A fundamental representation of network topology is the adjacency matrix, 15 where rows and columns correspond to the network’s nodes. In this structure, diagonal elements represent self-loops. Each matrix entry indicates the existence of an edge between the corresponding nodes, with the numerical value representing the associated weight. Specifically, this study employs an undirected weighted graph model, which inherently results in a symmetric adjacency matrix.
Literature review
The use of data visualization within dynamic networks
The taxonomy proposed by Bach et al. (2017) 16 outlines the main data visualization classes for space-time cubes: extraction, flattening, geometry transformation, and content transformation. The authors discuss the advantages and limitations of this technique, facilitating the description, critical assessment of visualization challenges, and comparison of different tasks applied to temporal data. Regarding extraction operations, point and plane extraction from the volume are performed via orthogonal slicing. Within geometry transformation operations, time translation is addressed. Finally, the content transformation class employs labeling and data filtering techniques. By employing these operations in a composite manner, 16 it is possible to construct an interactive environment that enables users to explore data efficiently. This approach aligns with the methodology developed by Hong et al., 17 which emphasizes user interaction within the application.
The work proposed by Hong et al. 17 seeks to clarify the integration of information across visualizations of varying dimensionality, for instance, enabling the integration of 3D and 2D environments. It maps the usage of distinct visual data representation methods that utilize techniques analogous to those developed by Bach. 4 This recent mapping guides the deployment of data visualization techniques, highlighting the design patterns applied in this research.
The literature presents robust techniques for visualizing dynamic networks through the aggregation of time slices in three-dimensional environments.
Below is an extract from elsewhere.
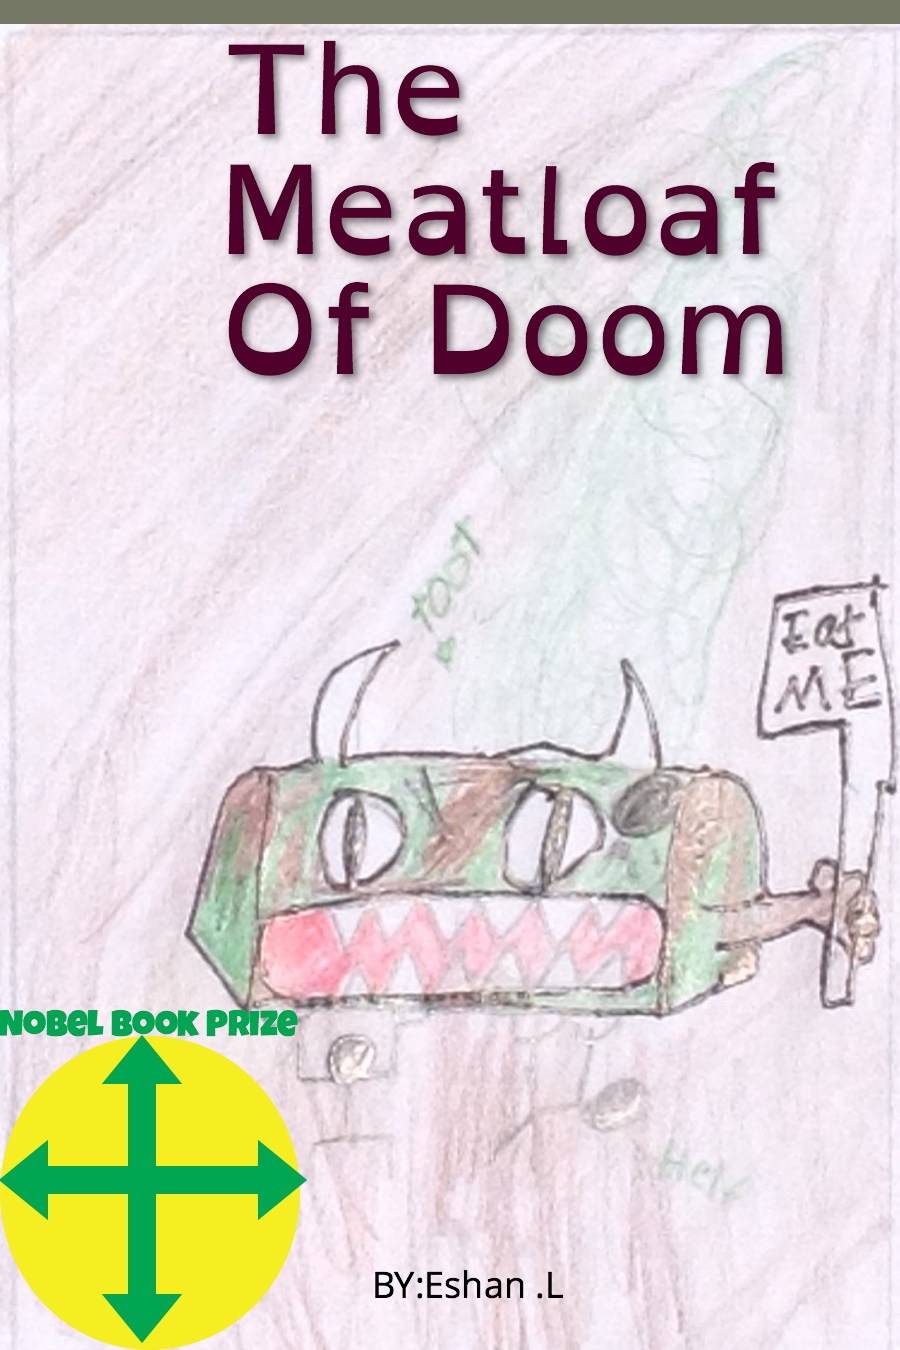 The Meatloaf of Doom by Eshan L

Gohnert et al. 18 propose 3D DynNetVis, a web-based tool (built with Three.js) that stacks graph layouts along a third temporal dimension, facilitating the inspection of network evolution in accordance with Shneiderman’s “mantra”. 19 Similarly, Bach et al. 20 introduce MultiPiles, which utilizes the stacking of adjacency matrices. While focusing on dense and weighted networks, such as those observed in brain activity, the authors group similar time slices to reduce redundancy and visual clutter, validating the use of dense time-series weighted networks in complex scientific domains.
Beyond the temporal structure, data comprehension depends on interaction techniques and the identification of topological patterns. MatrixExplorer 21 established the importance of coupling matrix and graph (node-link) visualizations in a synchronized manner, allowing for reordering to reveal clusters and connectivities. Recent advances focus on the exploration of changes and explainability: Wen et al. 22 developed DiffSeer, which visually highlights weight differences between adjacent time slices, while Shu et al. 23 propose interactive approaches to assist users in identifying and interpreting complex visual patterns in matrices, demonstrating superiority over static learning methods. The development of such tools must consider usability barriers and the various stages of exploration. Alkadi et al. 24 define an eight-step framework for Network Information Visualization, encompassing every step from data formatting and import to the final interpretation of network concepts. This methodological workflow facilitates the identification of limitations and informs design decisions, ensuring that the transition from data modeling to visual exploration, whether via matrices or diagrams, meets the researcher’s cognitive needs.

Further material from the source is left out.